One embodiment of the system 700 may be described in the context of a single processor desktop or server system, but alternative embodiments can be included in a multiprocessor system. System 700 may be an example of a ‘hub’ system architecture. The computer system 700 includes a processor 702 to process data signals. The processor 702 can be a complex instruction set computer (CISC) microprocessor, a reduced instruction set computing (RISC) microprocessor, a very long instruction word (VLIW) microprocessor, advanced vector extensions (AVX) microprocessor, streaming single instruction multiple data extensions (SSE) microprocessor, a processor implementing a combination of instruction sets, or any other processor device, such as a digital signal processor, for example. The processor 702 is coupled to a processor bus 710 that can transmit data signals between the processor 702 and other components in the system 700. The elements of system 700 perform their conventional functions that are well known to those familiar with the art.

Depending on the architecture, the processor 702 can have a single internal cache or multiple levels of internal cache. Alternatively, in another embodiment, the cache memory can reside external to the processor 702. Other embodiments can also include a combination of both internal and external caches depending on the particular implementation and needs. In one embodiment, the processor 702 may include a Level 2 (L2) internal cache memory 704 and each core (e.g., 708.1 and 708.2) may include a Level 1 (L1) cache (e.g., 709.1 and 709.2, respectively). In one embodiment, the processor 702 may be implemented in one or more semiconductor chips.

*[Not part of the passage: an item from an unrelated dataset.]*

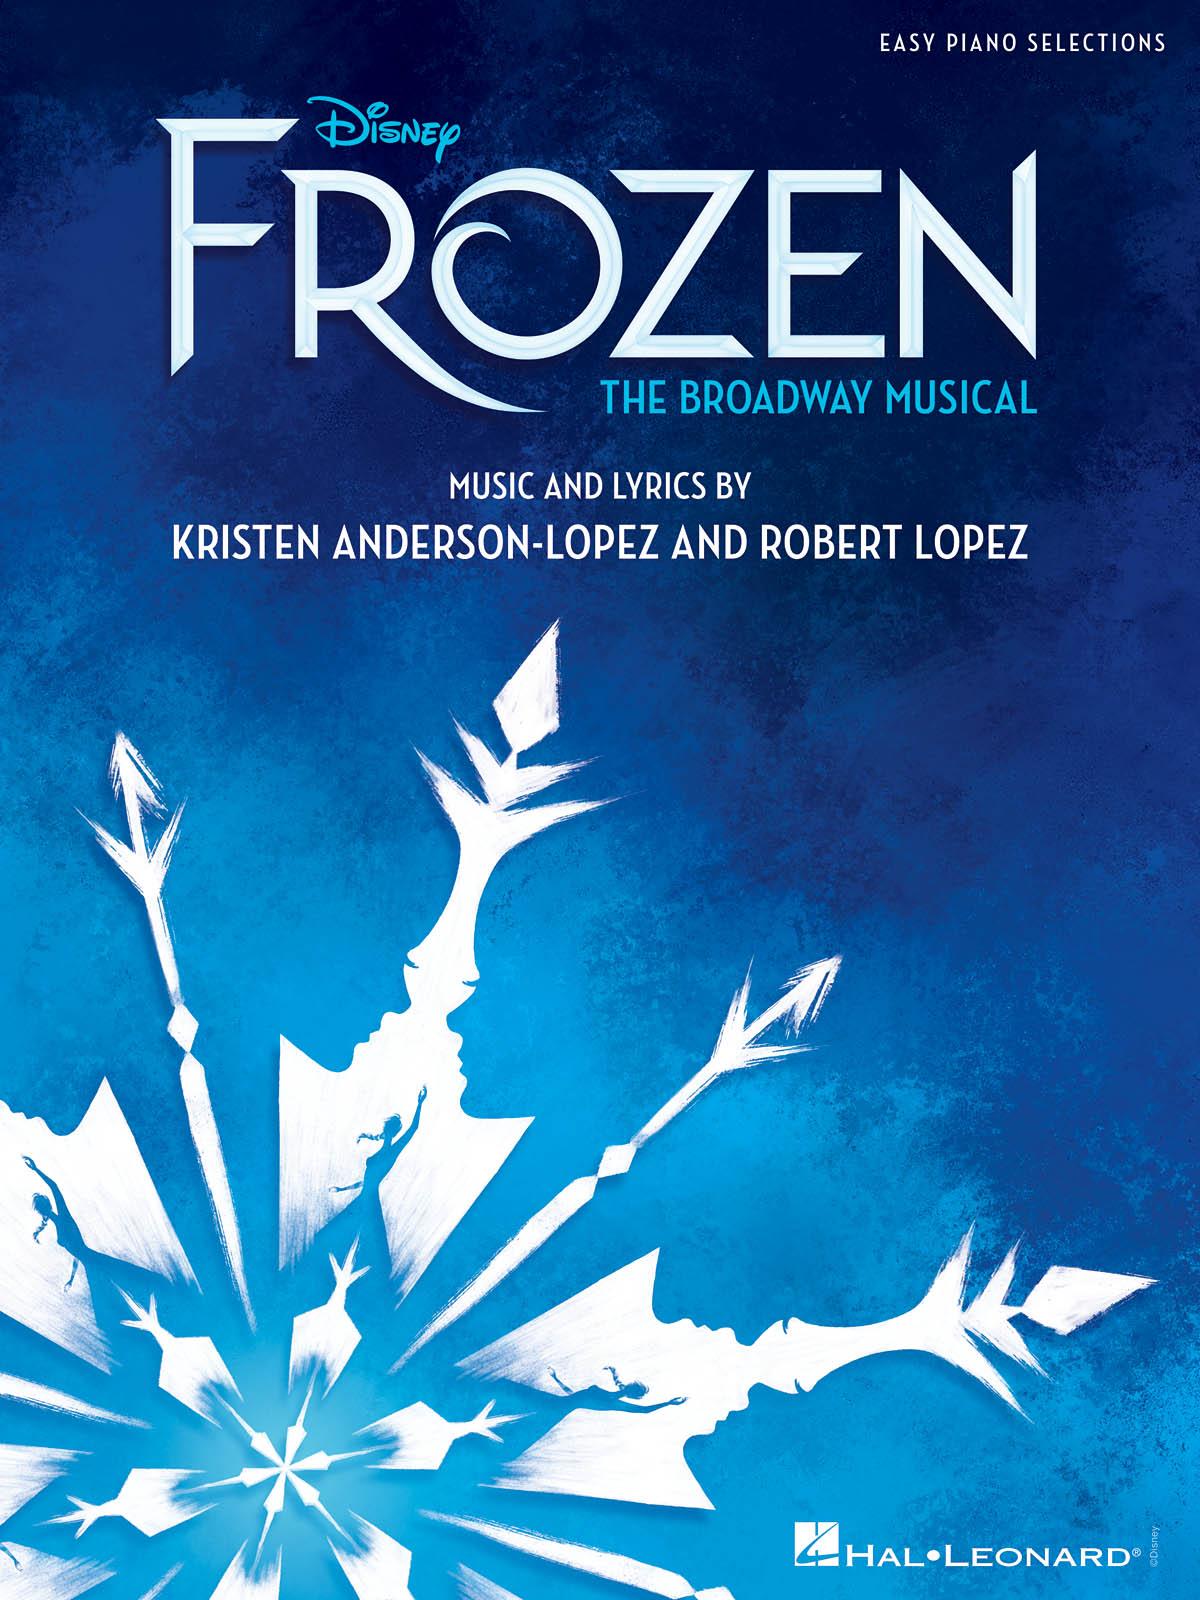 Disney's Frozen - The Broadway Musical - Easy Piano Selections (La reine des neiges)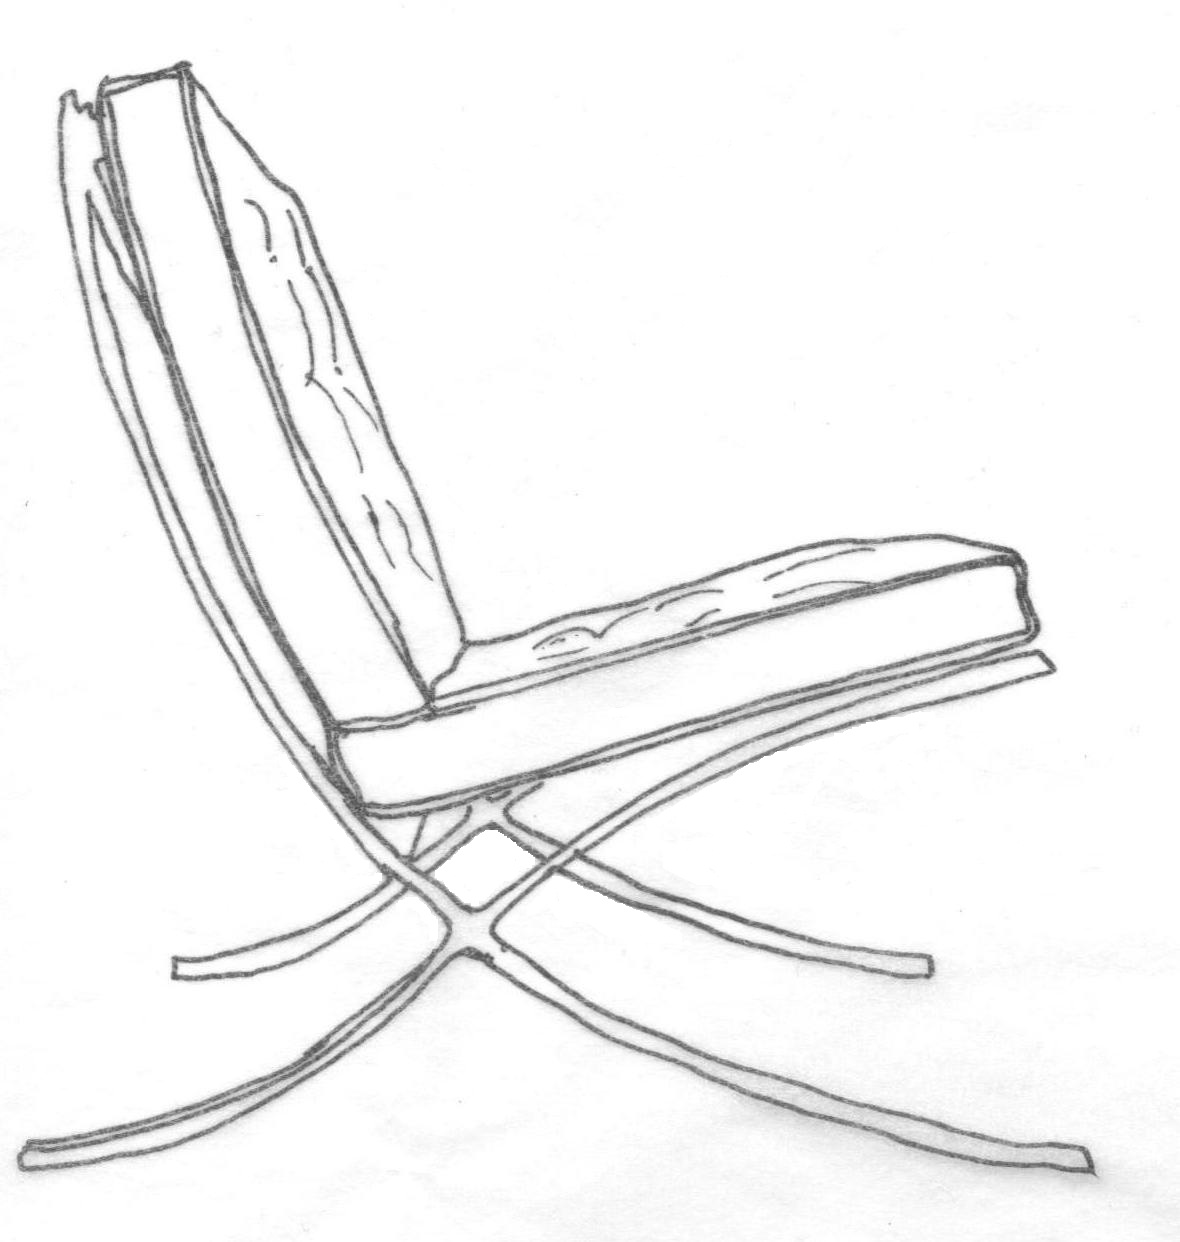 Furniture Amp Architecture Sketchbook By Kristina Romero At

When implemented in one chip, all or some of the processor 702's components may be integrated in one semiconductor die.

Each of the core 708.1 and 708.2 may also include respective register files (not shown) that can store different types of data in various registers including integer registers, floating point registers, status registers, and instruction pointer register. Each core 708 may further include logic to perform integer and floating point operations.

The processor 702 also includes a microcode (ucode) ROM that stores microcode for certain macroinstructions. For one embodiment, each core 708 may include logic to handle a packed instruction set (not shown). By including the packed instruction set in the instruction set of a general-purpose processor 702, along with associated circuitry to execute the instructions, the operations used by many multimedia applications may be performed using packed data in a general-purpose processor 702. Thus, many multimedia applications can be accelerated and executed more efficiently by using the full width of a processor's data bus for performing operations on packed data. This can eliminate the need to transfer smaller units of data across the processor's data bus to perform one or more operations one data element at a time.

Alternate embodiments of the processor 702 can also be used in micro controllers, embedded processors, graphics devices, DSPs, and other types of logic circuits. System 700 includes a memory 720. Memory 720 can be a dynamic random access memory (DRAM) device, a static random access memory (SRAM) device, flash memory device, or other memory device. Memory 720 can store instructions and/or data represented by data signals that can be executed by the processor 702.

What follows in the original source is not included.